また、一方のカバー部材は、略溝形鋼状又は箱状に形成したが、板状の部材にレール状のガイド部を固定し、このガイド部に他方のカバー部材が挿入される構成としてもよい。
本発明は目地カバー装置を製造する産業で利用される。
1、1A:目地カバー装置、 2:目地部、
3:一方の躯体、 4:他方の躯体、
5:ヒンジ部材 6、6A:一方のカバー部材、
7、7A:他方のカバー部材、 8:押圧手段、
9:ガイド部。

Claims (3)

  1. 一方の躯体の壁面と他方の躯体の壁面との目地部を塞ぐ目地カバー装置であって、前記一方の躯体に一方側の取付け端部が前後方向に回動可能に設けられた一方のカバー部材と、前記他方の躯体に他方側の取付け端部が前後方向に回動可能に設けられ、前記他方側の突出端部側が前記一方のカバーに部材の一方側の突出端部に左右方向に摺動可能に挿入された他方のカバー部材と、前記他方のカバー部材に設けられた押圧手段とで構成され、
    前記押圧手段は、地震時、前記一方のカバー部材と前記他方のカバー部材の挿入状態が解かれ、前記両躯体が通常状態に戻る際、前記一方のカバー部材と前記他方のカバー部材が衝突した場合に、前記両方のカバー部材の少なくとも一方が前後方向に回動し、前記一方のカバー部材と前記他方のカバー部材の挿入状態を解除させるように構成される目地カバー装置。
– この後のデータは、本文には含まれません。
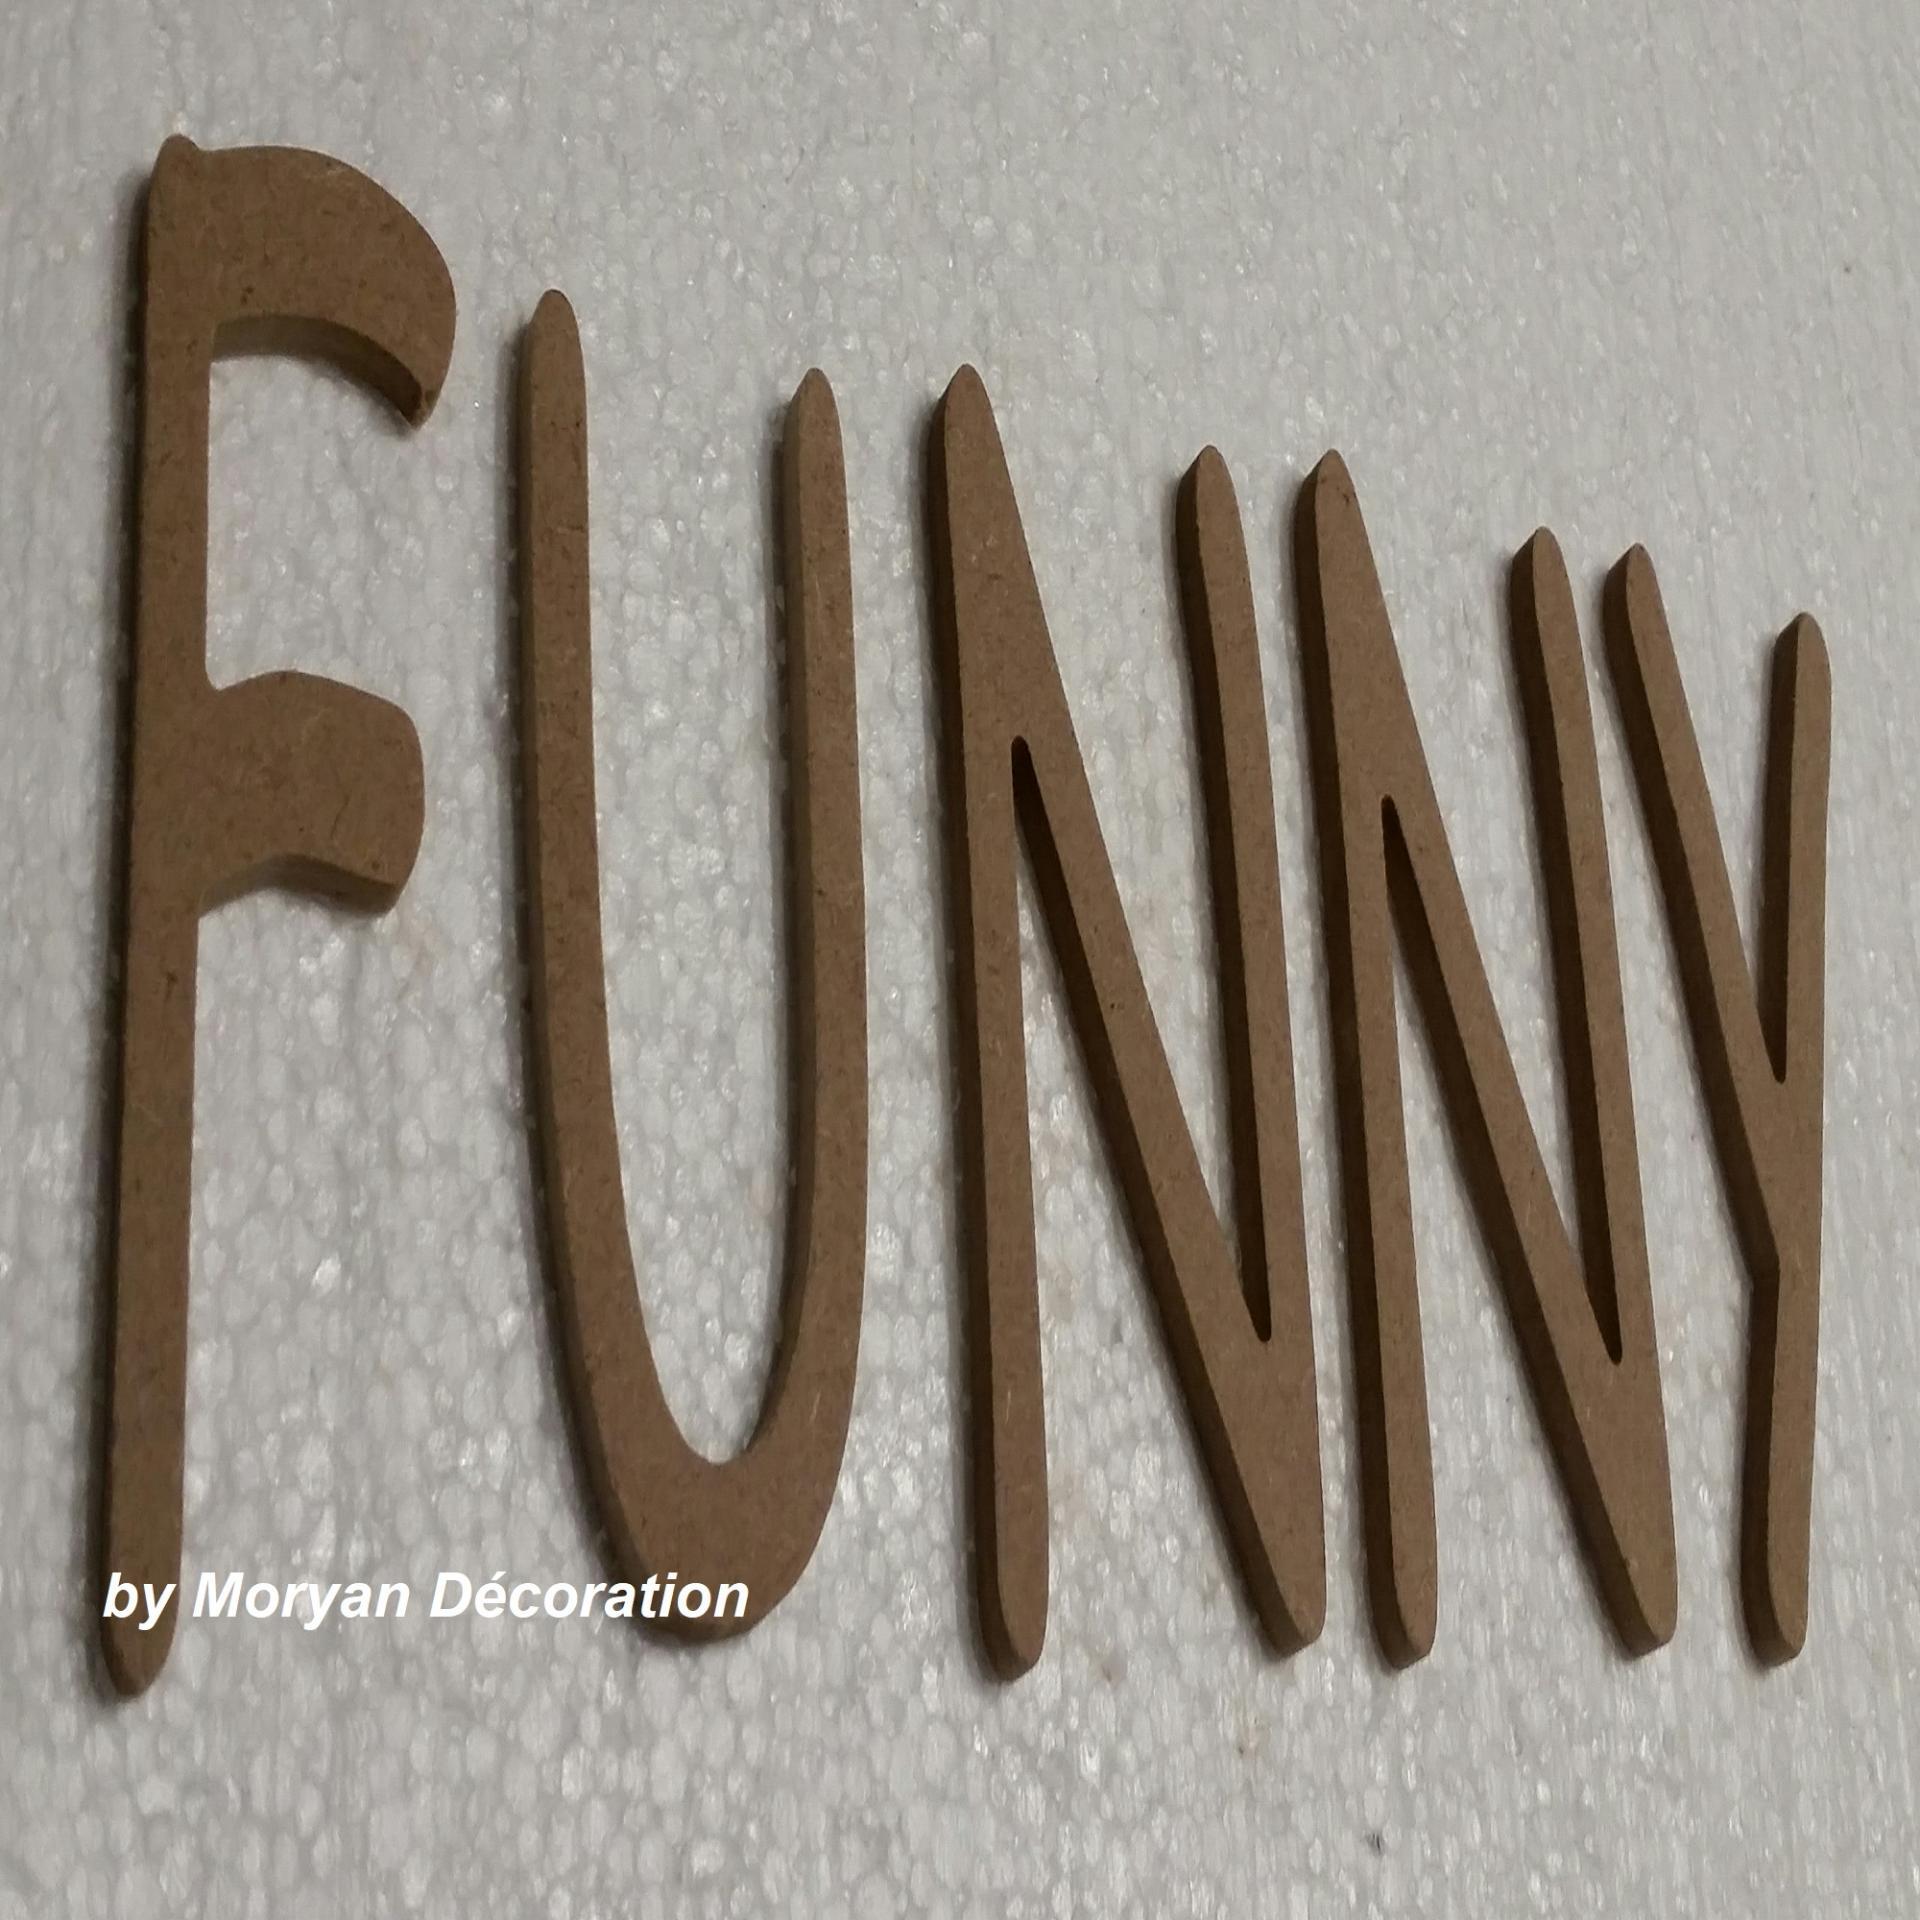 Lettre en bois funny 20 cm

  2. 前記押圧手段は、前記他方のカバー部材の他方側の突出端部に設けられ、前記一方のカバー部材と前記他方のカバー部材が衝突した場合に、前記両方のカバー部材の少なくとも一方が前後方向に回動するように曲面状或いは傾斜面状に形成されていることを特徴とする請求項1に記載の目地カバー装置。
  3. 前記一方のカバー部材は、断面視において略溝形鋼状に形成されていることを特徴とする請求項1又は請求項2のいずれかに記載の目地カバー装置。